If we exercise without consciousness, without attention and intention we risk speeding up degenerative disease in our bodies. And once tissues start to fail, joints begin to experience compression, and joint accessibility begins to diminish. Options we once had and were born with begin to disappear and eventually we start to see other issues down the road. Most injuries occur because of overuse, misuse, and underuse of certain joint structures. And then we become reliant on forms of healthcare that get us back to where we were, and we typically end up reinjuring ourselves. A lot of times because we aren’t asking ourselves the reasoning behind our exercises or even have a clear sight of what we are training our bodies for!
Ramifications of ‘exercise’ without instituting proper training principles can lead to bone fracturesm osteo-arthritis, sciatica, disc herniations, hernias, total joint replacements, surgeries, hormonal imbalances, pelvic floor dysfunction, energy deficiencies, and the list goes on and on.
When you mesh this sort of randomized exercise regimen with 21st-century lifestyles, it makes for a perfect storm of disasters. And I’m not writing this to scare people away or be a Debbie-downer, I’m genuinely interested and invested in people’s physical health. But we’ve got to take responsibility and humble ourselves to the idea of, we don’t know as much as we think we know about the body. With over 650 muscles, 350 joints, 206 bones, and layers upon layers of tissues, and tubes, connecting everything to everything else, not seeking advice or professional advice on how to train is unsophisticated. It is an unsophisticated approach toward optimizing joints and improving your body’s way of performing.
Finding A Professional
Would you go to a mechanic with your car and let them assess and diagnose it and then tell them how to do their job? I would hope not, because it is not your field of expertise. Some mechanics are better than others, so take the time to seek out a trainer or movement therapist that offers comprehensive solutions to take you to the next level in your health. As the field of spatial medicine grows, it is crucial we treat trainers and training as a health oriented practice that helps evolve us as a person. If you’re not experiencing anything new regularly in your body, it may be time to find someone to help navigate you on how to get there. Anyone can be an exercise enthusiast, but understanding anatomy, physiology, and physics is really important for longevity of your body!
The Time Old Question
“Is exercise the same as training?” The answer is it can be, when employed intelligibly and with a logical thought process. However, often times, in this fast-paced, immediate results world, it is not. So as you finish this long winded answer to a not so simple question, ask yourself, are you exercising, or are you training?
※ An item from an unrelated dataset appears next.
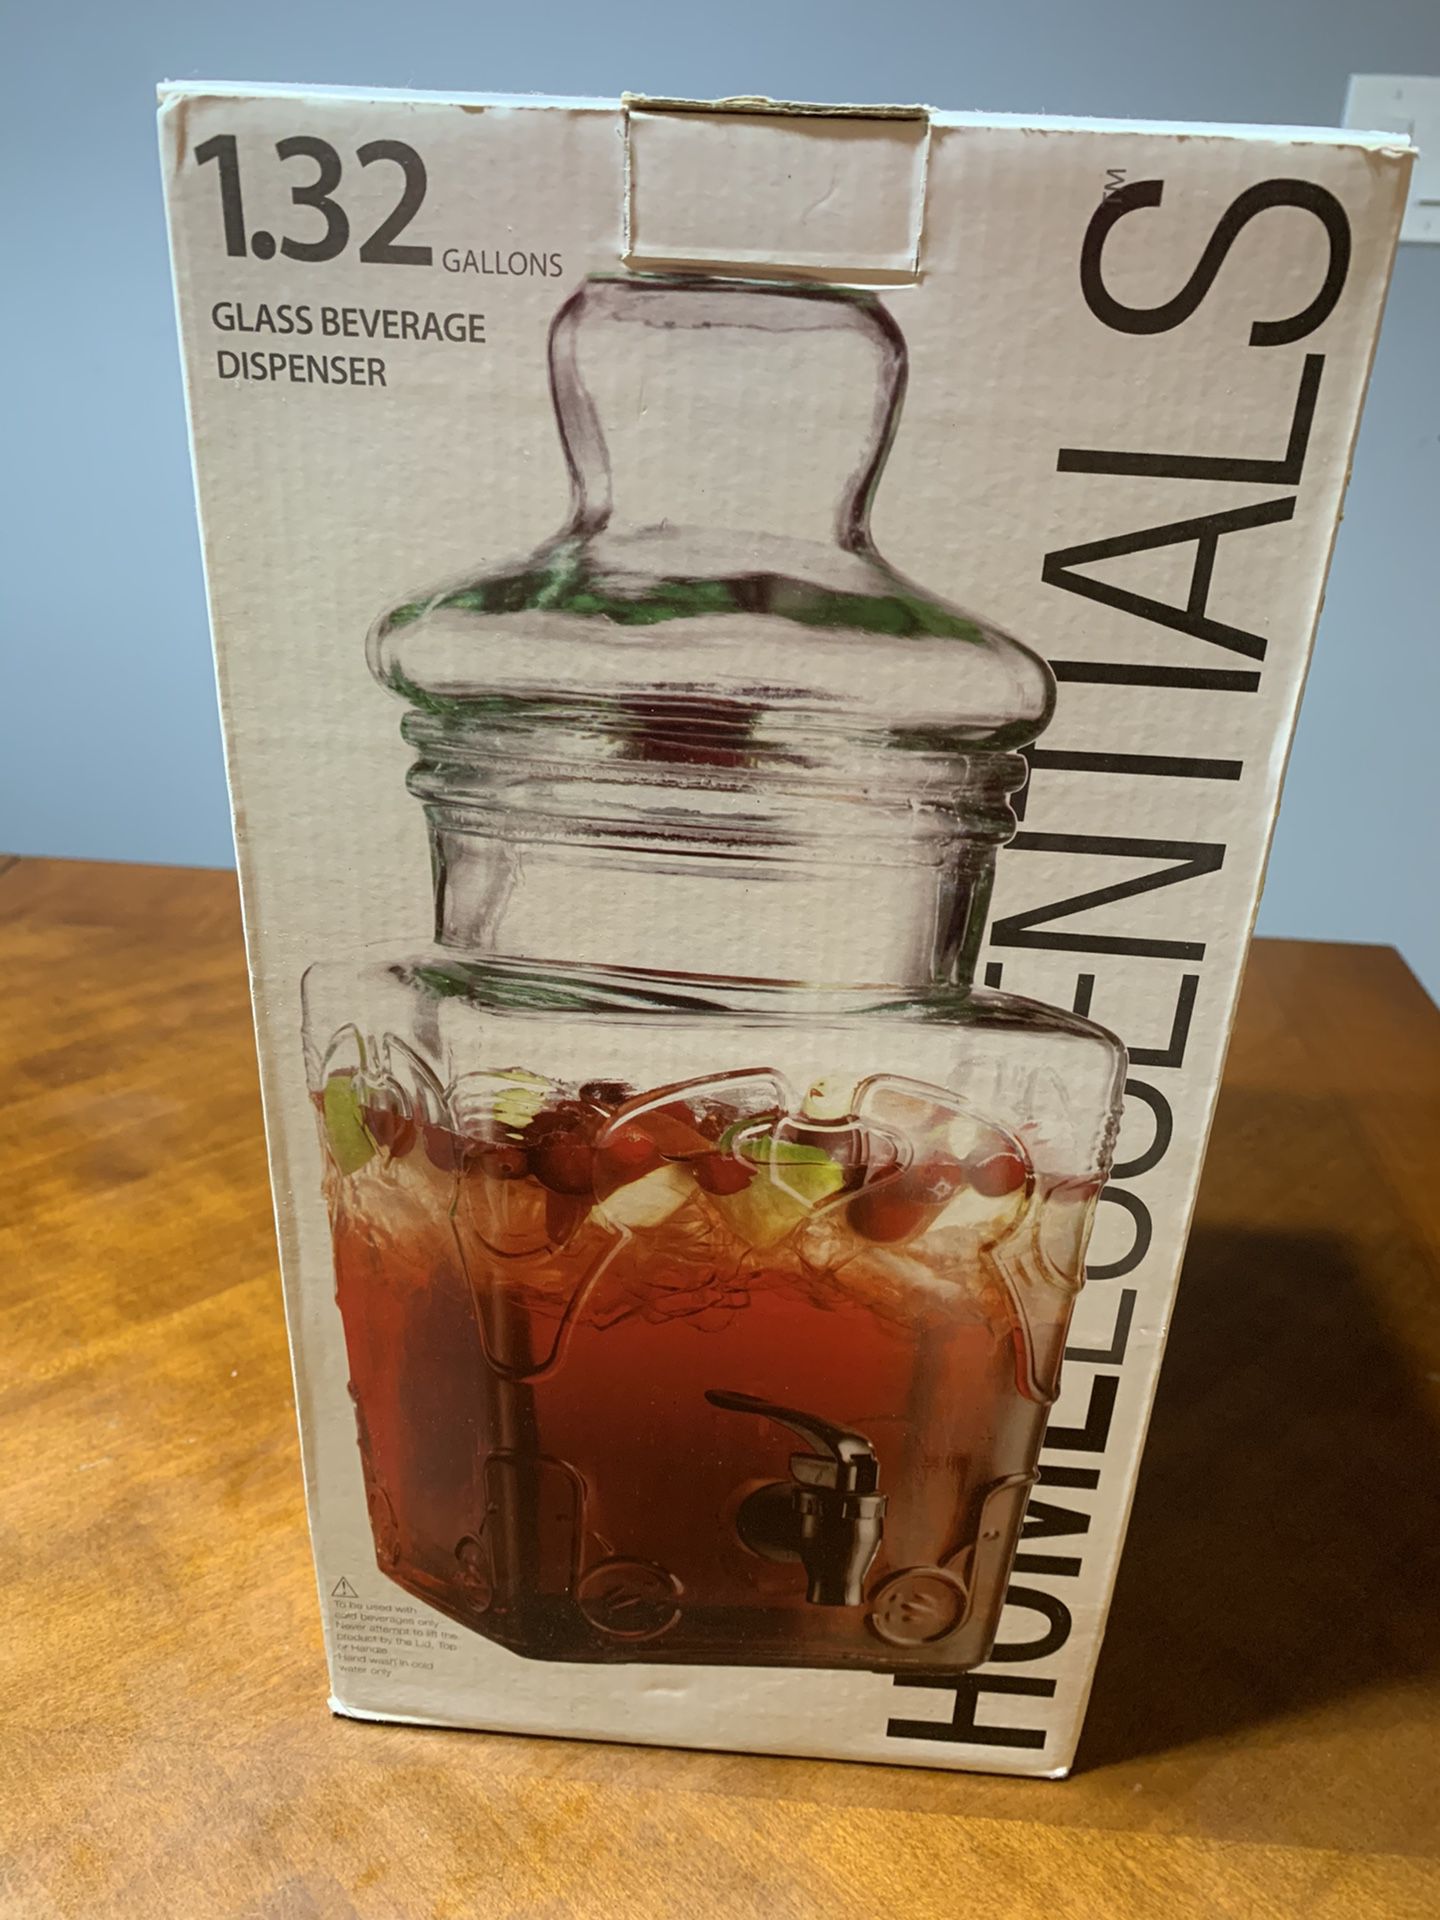 Homessentials glass drink dispenser 1.32 gallons
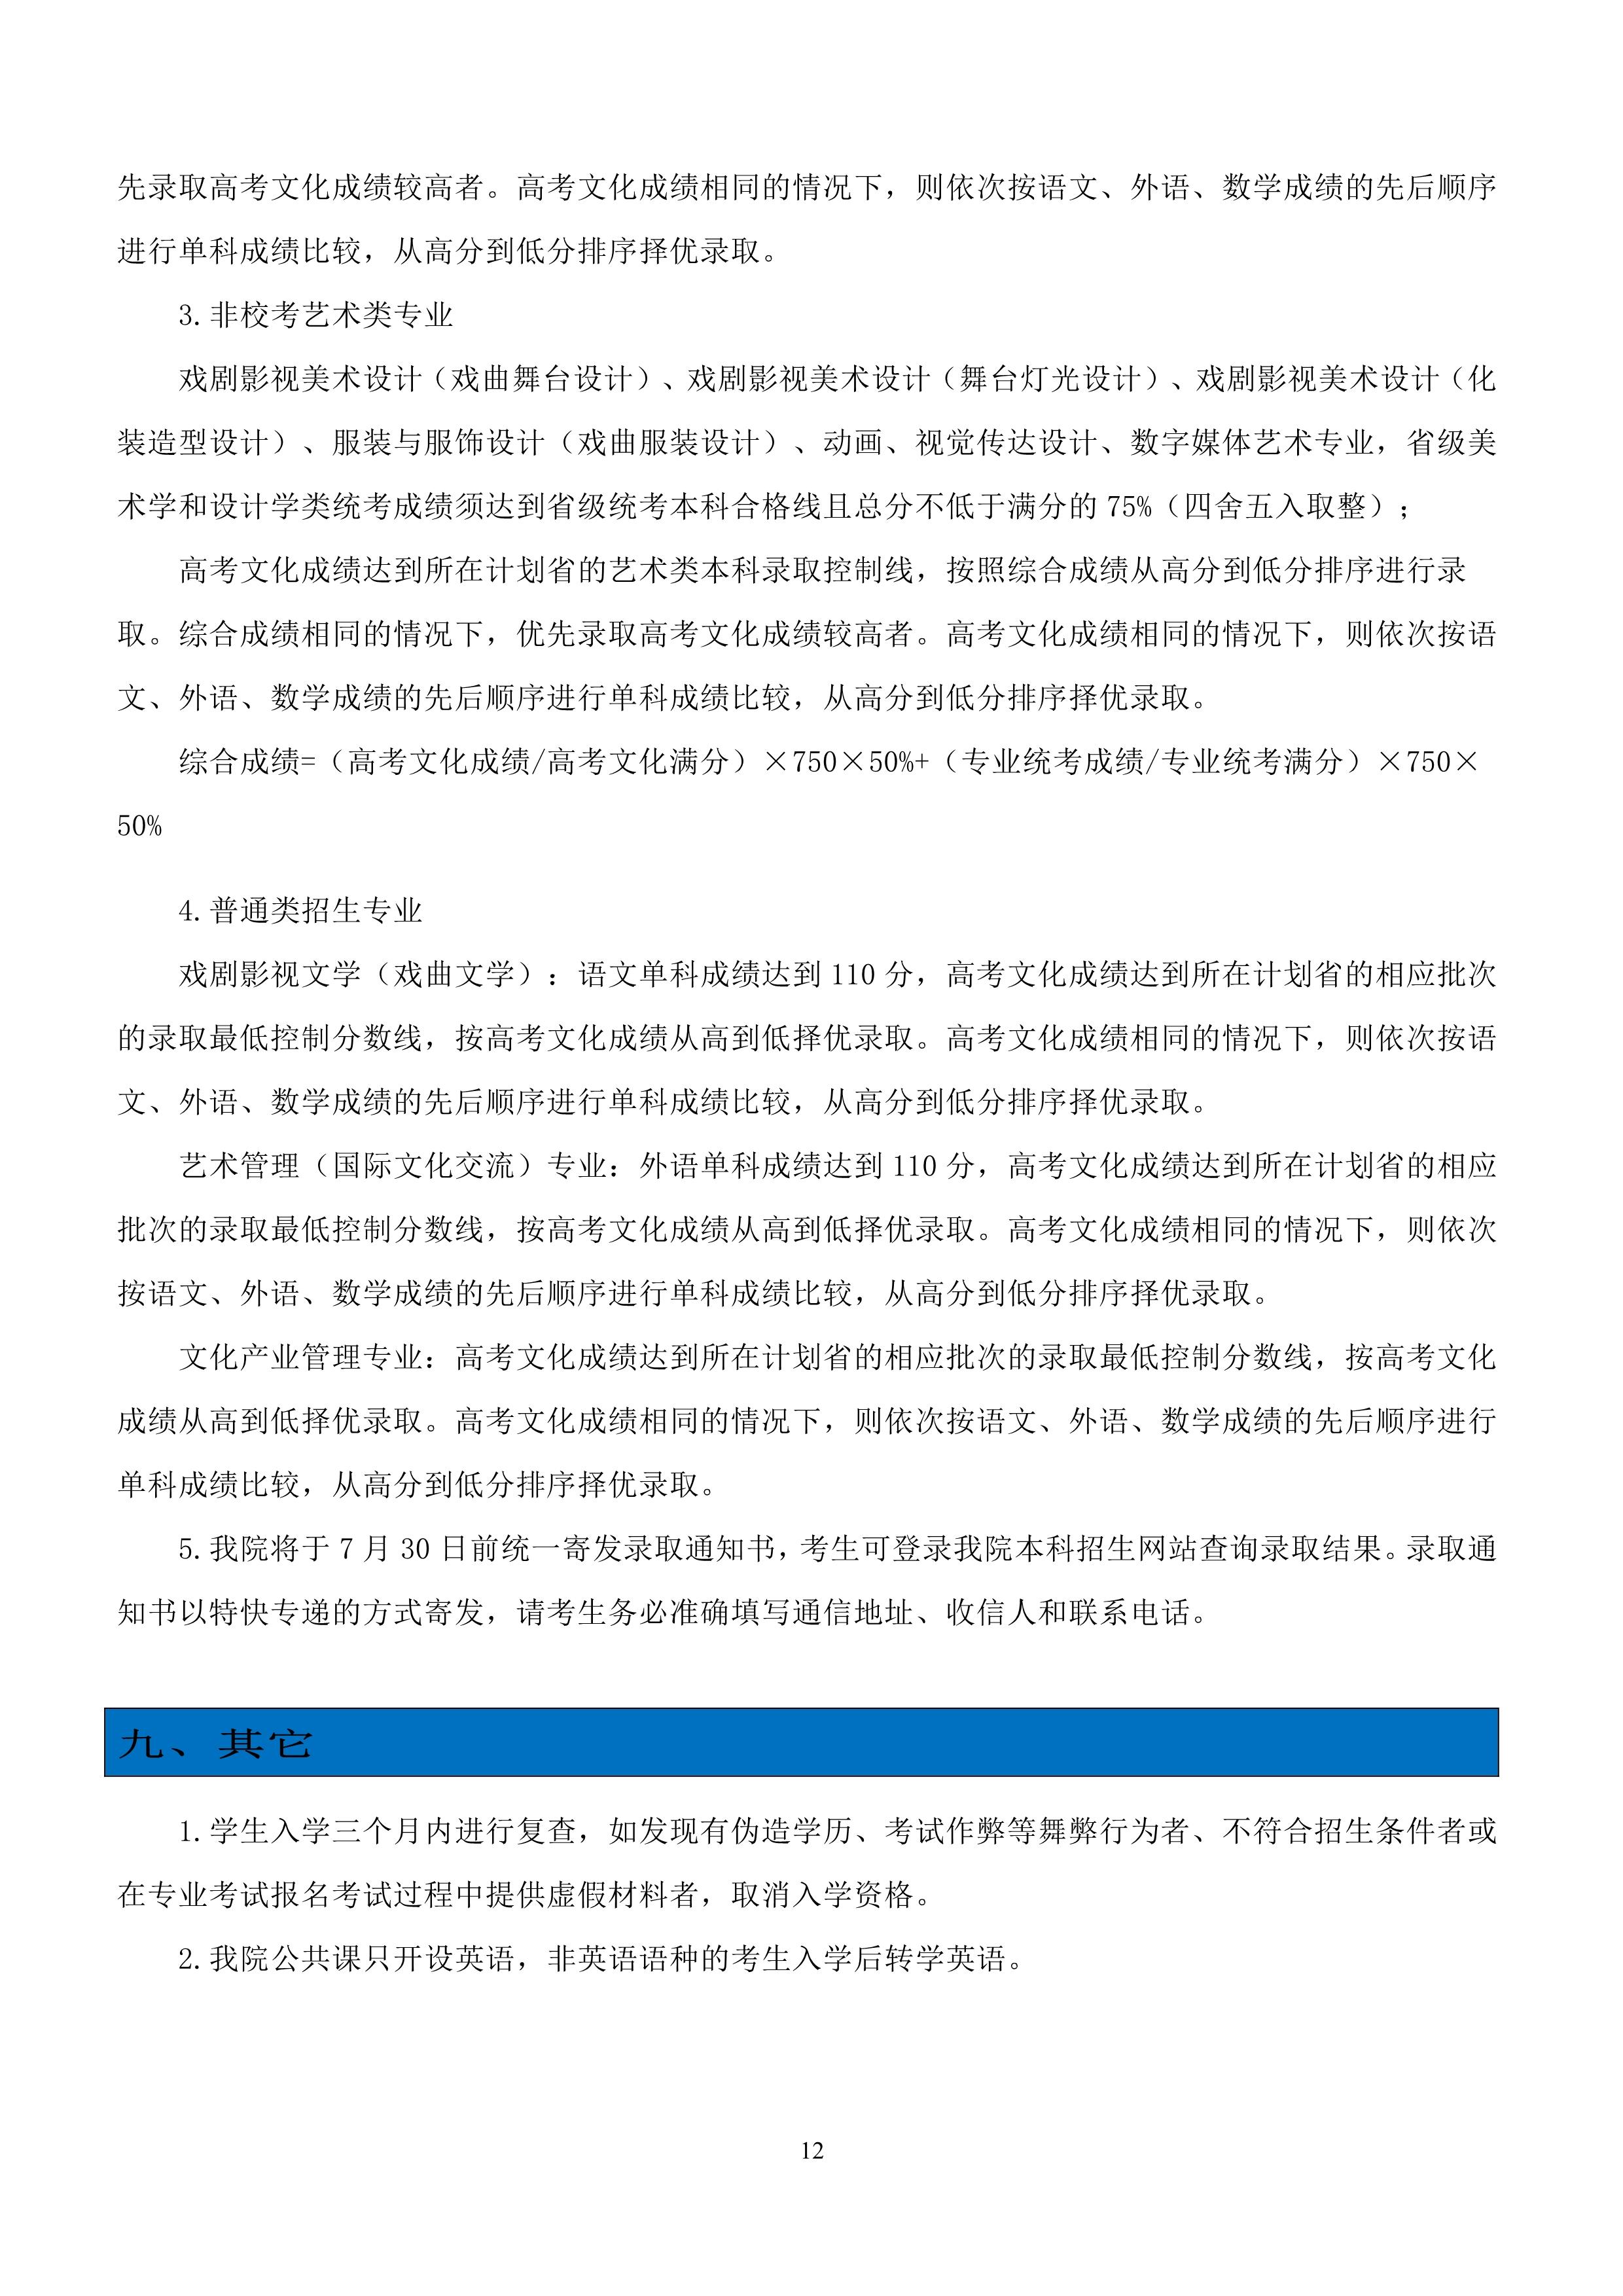 中国戏曲学院2023年本科招生简章_12.jpg

And if you’re training, what are you training for? And why is that thing the reason you’re training? What is its relation to your everyday life and how does it help expand your consciousness and your body?
Training is not for the weak of heart…it is for those looking to broaden their comfort zone and overcome any ego they might have. Training goes deep into the emotional and psyche. Alas! The mind-body connection is established.